At this year’s Mini Maker Faire, the festival of artistic craftiness that celebrates the do-it-yourself spirit, a special printer is likely to garner a lot of attention. The event, which takes place at the Museum of Science & Tech on August 16 and 17, shines a light on the process behind the production of an object and explores the notion of access to manufacturing. So it’s only fitting that a strong contingent of makers is looking to learn about making three-dimensional products with a digital printer. Among those getting behind the technology are Alëna Iouguina and Anthony Dewar, industrial designers and founders of Ecotonos.

Three 3-D Things
Ecotonos produces a wide range of objects, from simple hand-held tools like guitar picks to more complex products that call for a longer design process.
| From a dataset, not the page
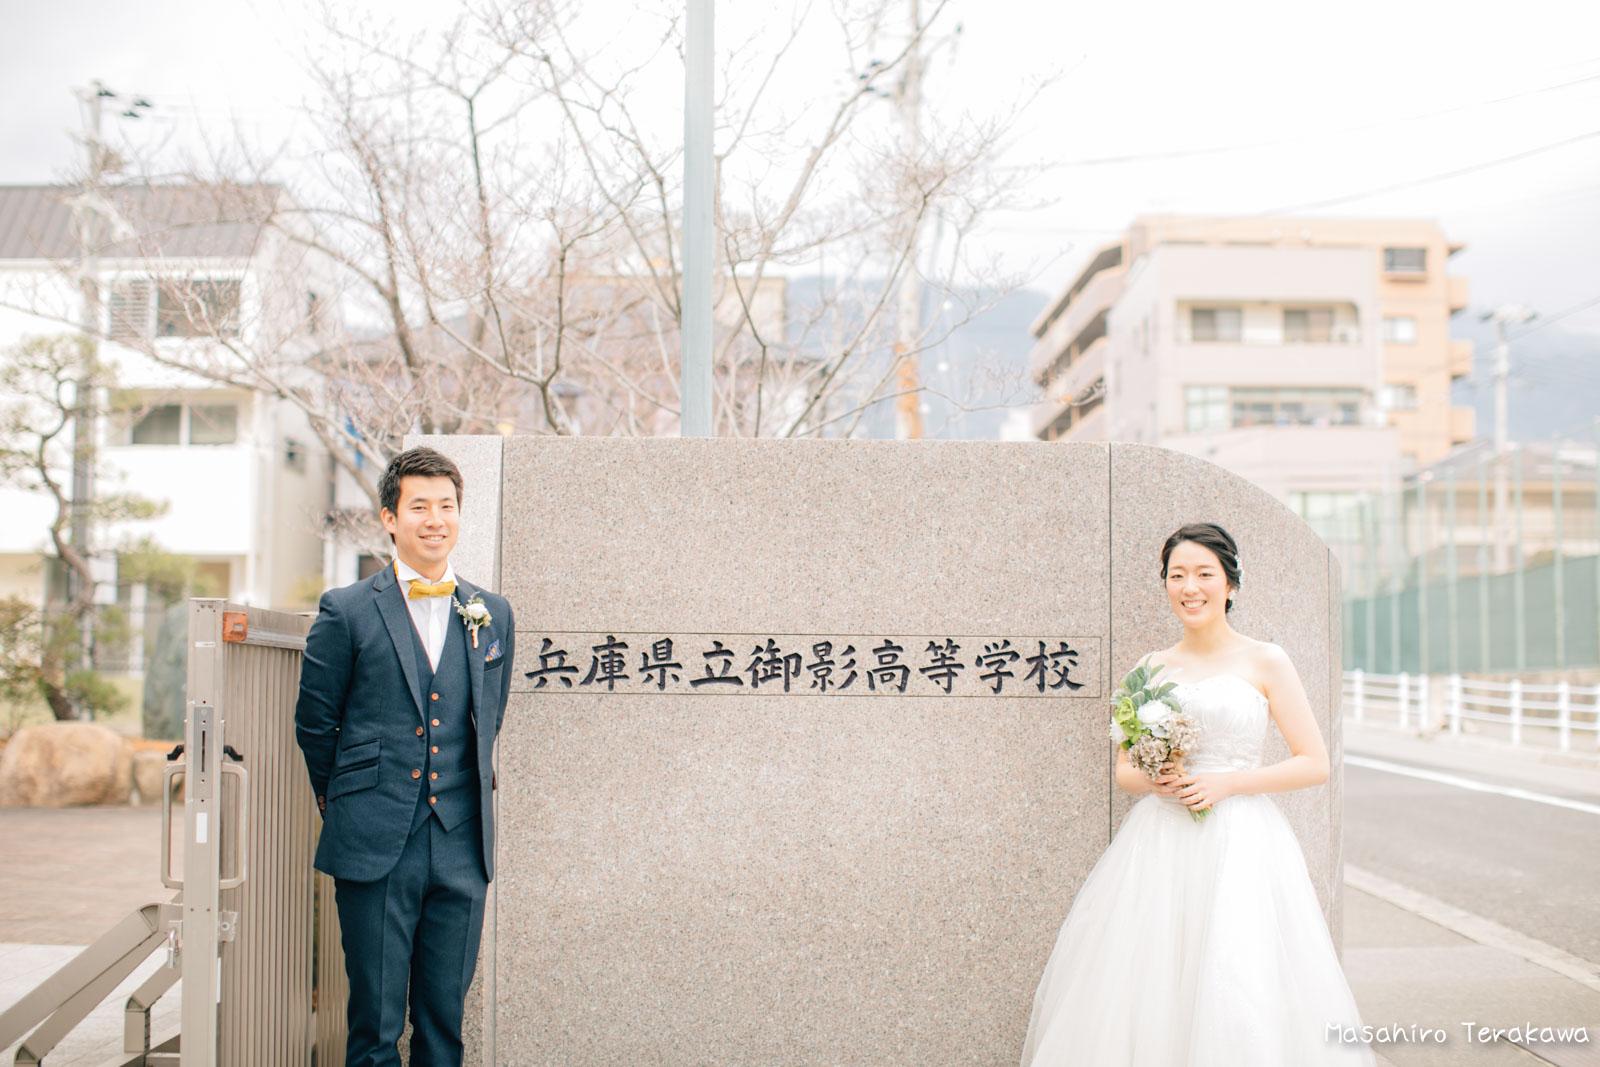 神戸の学校(母校)にて結婚式前撮り2

For example, Ecotonos will soon be selling beautiful earrings with custom-designed sterling silver hardware, all made using their 3-D printer. Their technological prowess, though, is fully revealed in the environmentally progressive Smart bike generator, which Ecotonos presented at last year’s Maker Faire.

A Design for Life
While unique in structure, all Ecotonos products are conceived with the same fundamental vision in mind. It’s something Iouguina describes as “biologically informed design.” Combining the fields of bionics and biomimicry, their approach uses what we know about biology to address challenges in sustainable development. It’s about learning from nature, devising powerful designs, and using real materials that emulate ecosystems and processes to create things that have the potential to benefit future generations. “We decided to reimagine the way humans make,” Iouguina says.

Step by Step
Similar to any other artistic venture, it all starts with an idea. These ideas come from many sources, but many are derived from scientific research. One of their favourite sources of inspiration comes by way of so-called “business trips” that see the team hike along country trails to collect little snippets of natural life, from twigs to insect corpses. “Where one would see leaves, gravel, grasses, and rock, we learned to see a masterfully orchestrated mosaic of shapes, textures, and tone,” Iouguina says. After sketching it, next comes a series of prototypes — 3-D printed layer upon layer. Questions are asked and answered, developing dozens of iterations until finally the product is born and ready for the online store.

Beyond Biology
It has been heard through the grapevine that the future will see 3-D printers in every home, enabling the production of everyday items. But there are limitations, Dewar says, most notably maintenance of the machines and the potentially hazardous chemicals released during printing. As for Ecotonos, Iouguina says the team plans to evolve their process by integrating locally grown biopolymers and renewable energy sources into their products. In using these sustainable materials, they can begin to partner with local farms and renewable energy sectors, making the future of 3-D printing, and sustainable development as a whole, look brighter than ever.